Senin, 28 Mei 2012
PMI Siapkan Ribuan Cangkul Respon Lahar Dingin
Selasa, 25 Januari 2011 04:43
AddThis Social Bookmark Button

Jakarta, 25/1 (SIGAP) - Palang Merah Indonesia (PMI) telah menyiapkan ribuan cangkul dan sekop yang rencananya akan digunakan lembaga kemanusiaan tersebut sebagai respon dari bencana lahar dingin pasca erupsi Gunung Merapi.

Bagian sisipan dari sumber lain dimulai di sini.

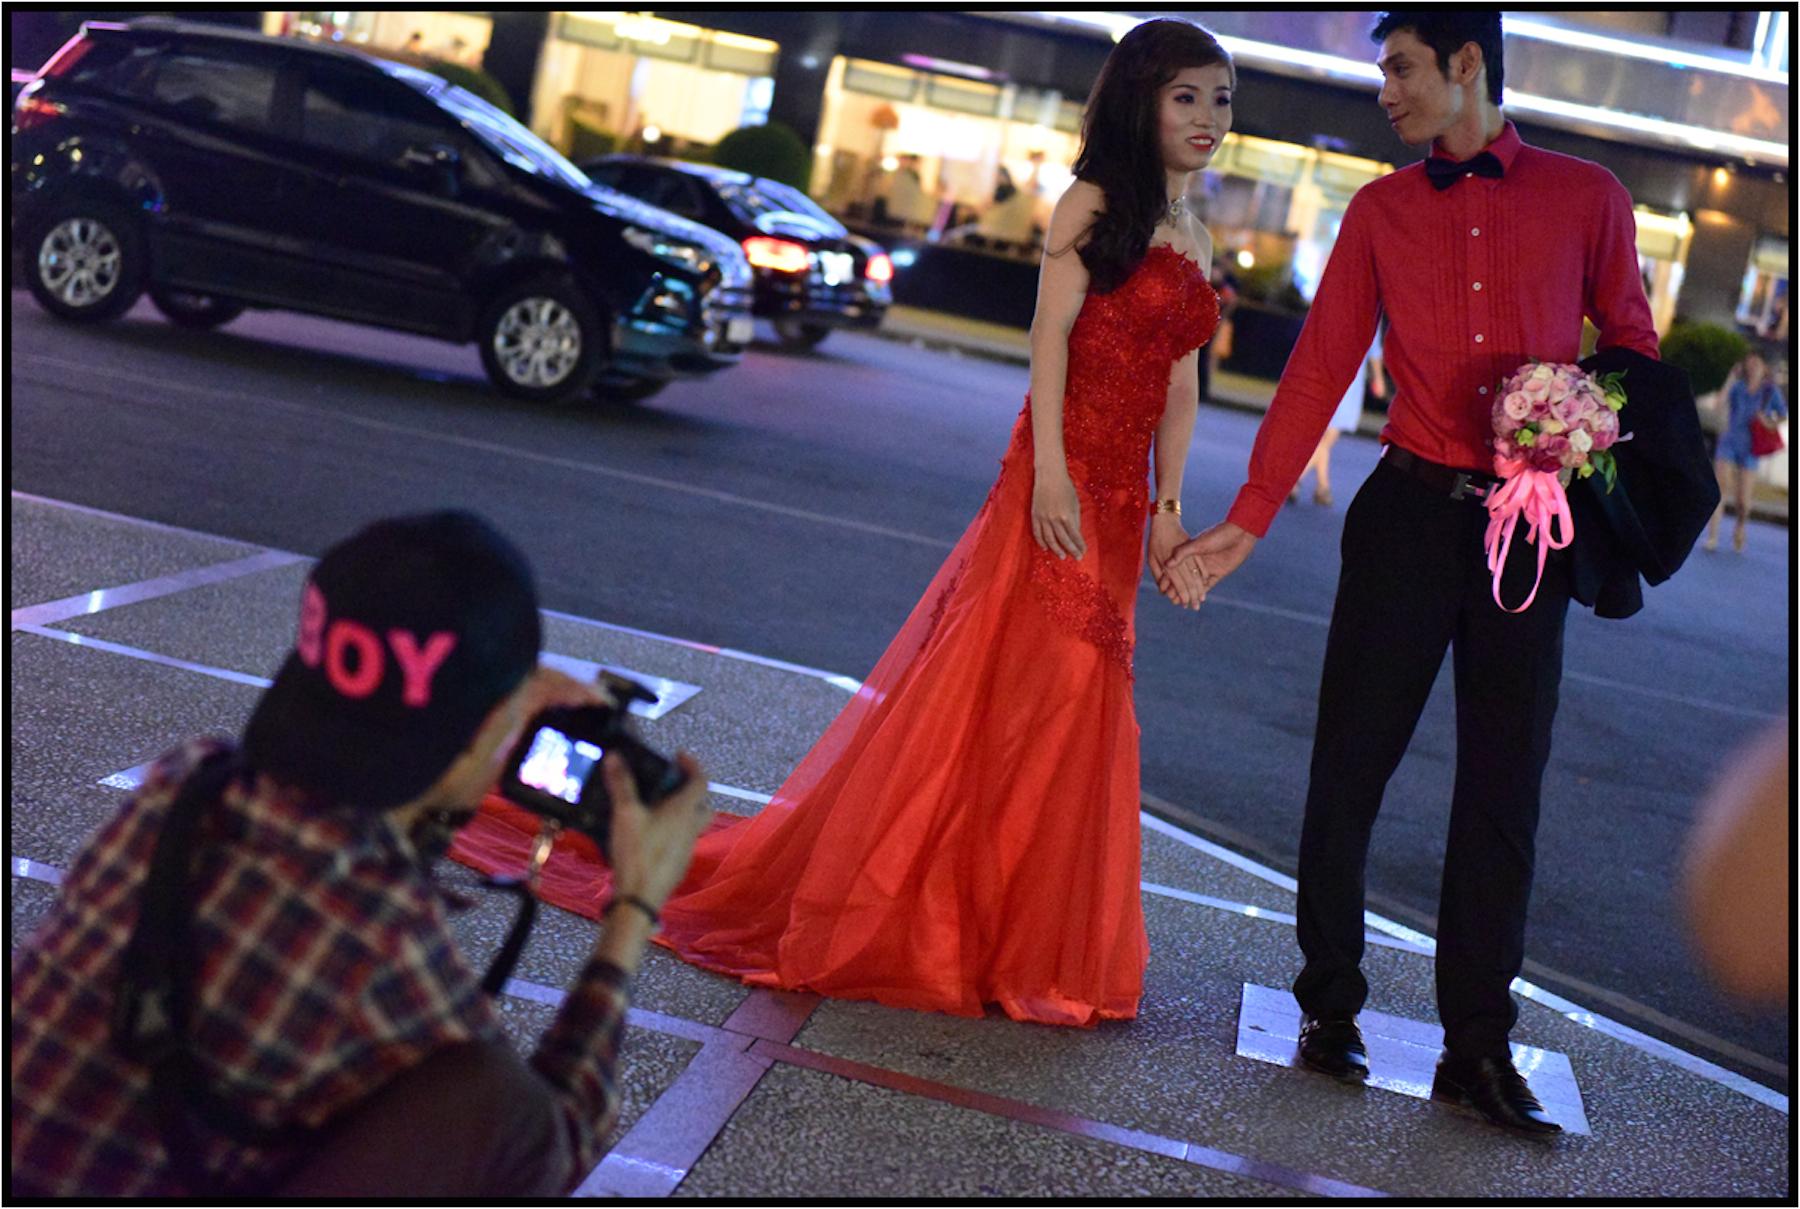 Wedding photography, Saigon/HCMC, Dec. 2015. #2079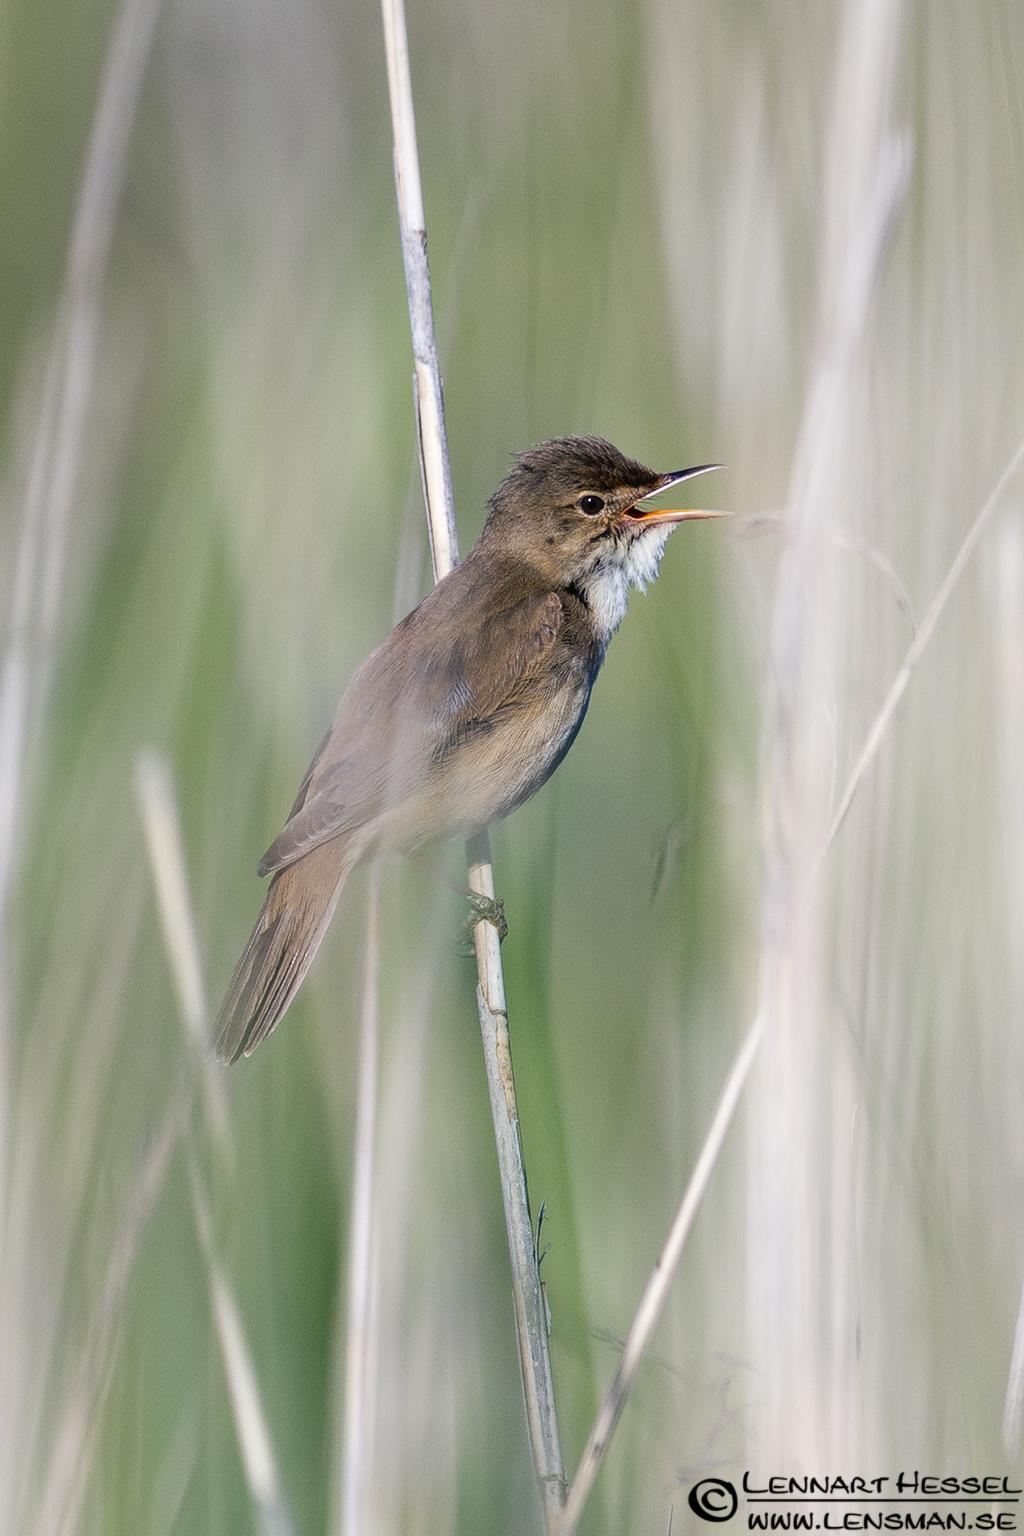 Eurasian Reed Warbler at Säveån, reed bunting

Demikian dikatakan Staf Humas PMI DI Yogyakarta, Talchah Hamied, dalam keterangan tertulis PMI yang diterima di Jakarta, Selasa (25/1).

Talchah Hamied memaparkan, puluhan relawan dari daerah Muntilan dan Magelang menyiapkan sekitar 2.000 unit sekop dan cangkul untuk didistribusikan ke Ngrajek, Jumoyo, dan Sirahan.

Pendistribusian ke beberapa daerah tersebut adalah karena jalan-jalan di tempat itu telah penuh lumpur dan material vulkanik.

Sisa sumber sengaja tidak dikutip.